Her divulgence hung in the space between them like a fragile thread, but Nils did not relax to her words. His crouched posture remained firm, his wand still pointed toward the floor while a crystal shard that came into sudden view lanced him through the chest. For an instant, Nils' world froze. His eyes widened as the sting of the impalement blooming as a roaring wave of pain that crashed through his mind. With the chill of the shard radiated through his frame, numbing his limbs even as blood spilled freely from the wound, soaking in the fine fabrics of his tailored suit. Each ragged breath came harder than the last, his chest heaving as air hissed through the punctured lung. The burning ache clawed at him, relentlessly, like a molten iron pressed onto the skin. He collapsed to the polished checkered floor with a thud, rendered immobile by the dual effects of both a severe loss of blood and the graveness of the ill-received wound, yet burning. The attack was swift. Precise. A death sentence delivered before he could even react.

"Foul play"...the thought burned through his hazy mind as darkness crept in at the edges of his vision. He struggled to cling to consciousness, to piece together what had gone wrong "you lured me into a false sense of security...made me lower my guard...only to cast...while I..".

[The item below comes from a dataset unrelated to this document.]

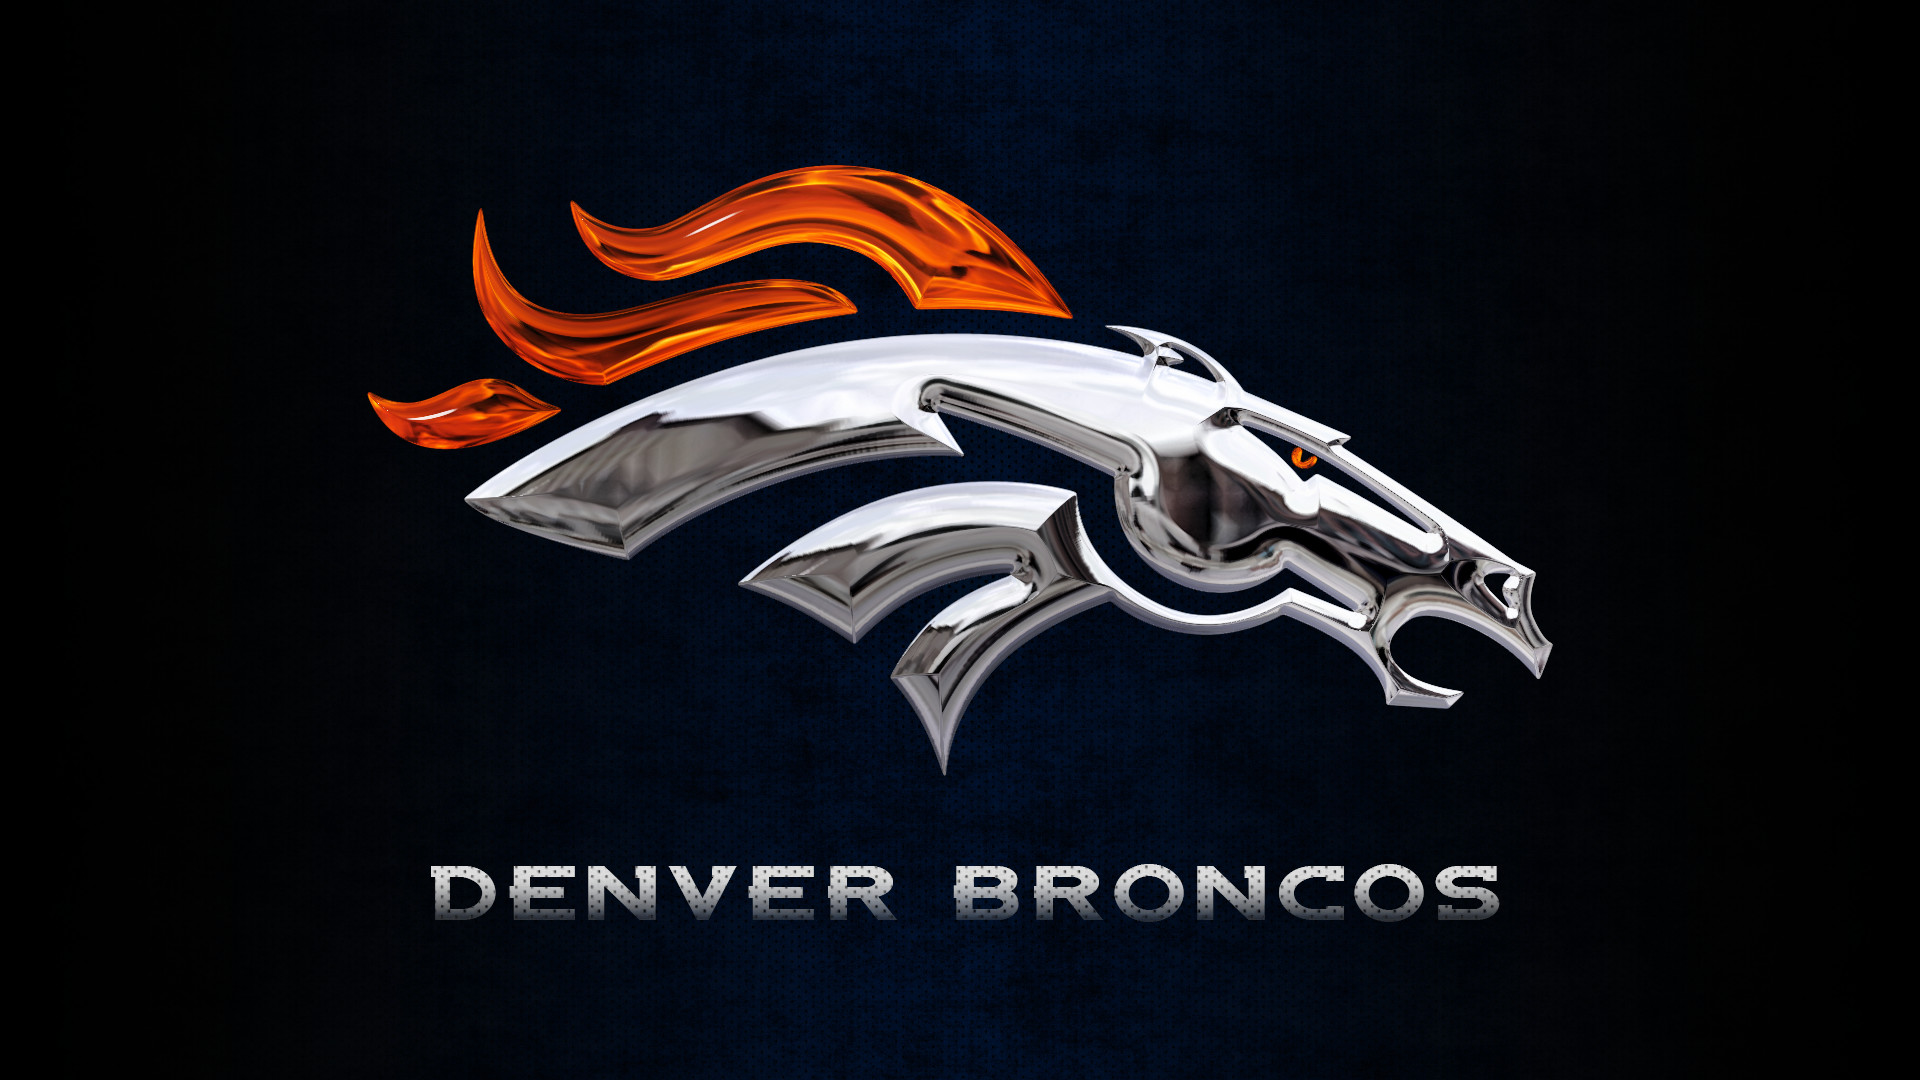 1920x1080 ... Denver Broncos Chrome Wallpaper by DenverSportsWalls

His thoughts faltered, fragments slipping away as numbness consumed him while the wand slipped from his fingers and clattered uselessly against the floor.

Before the embrace of death had fully enveloped him, Nils heard the fainting voice of the angel as if she were a great distance away "Know this art-student..." she paused and retreated her bare feet from the spreading pool of blood "you were at fault for your own death".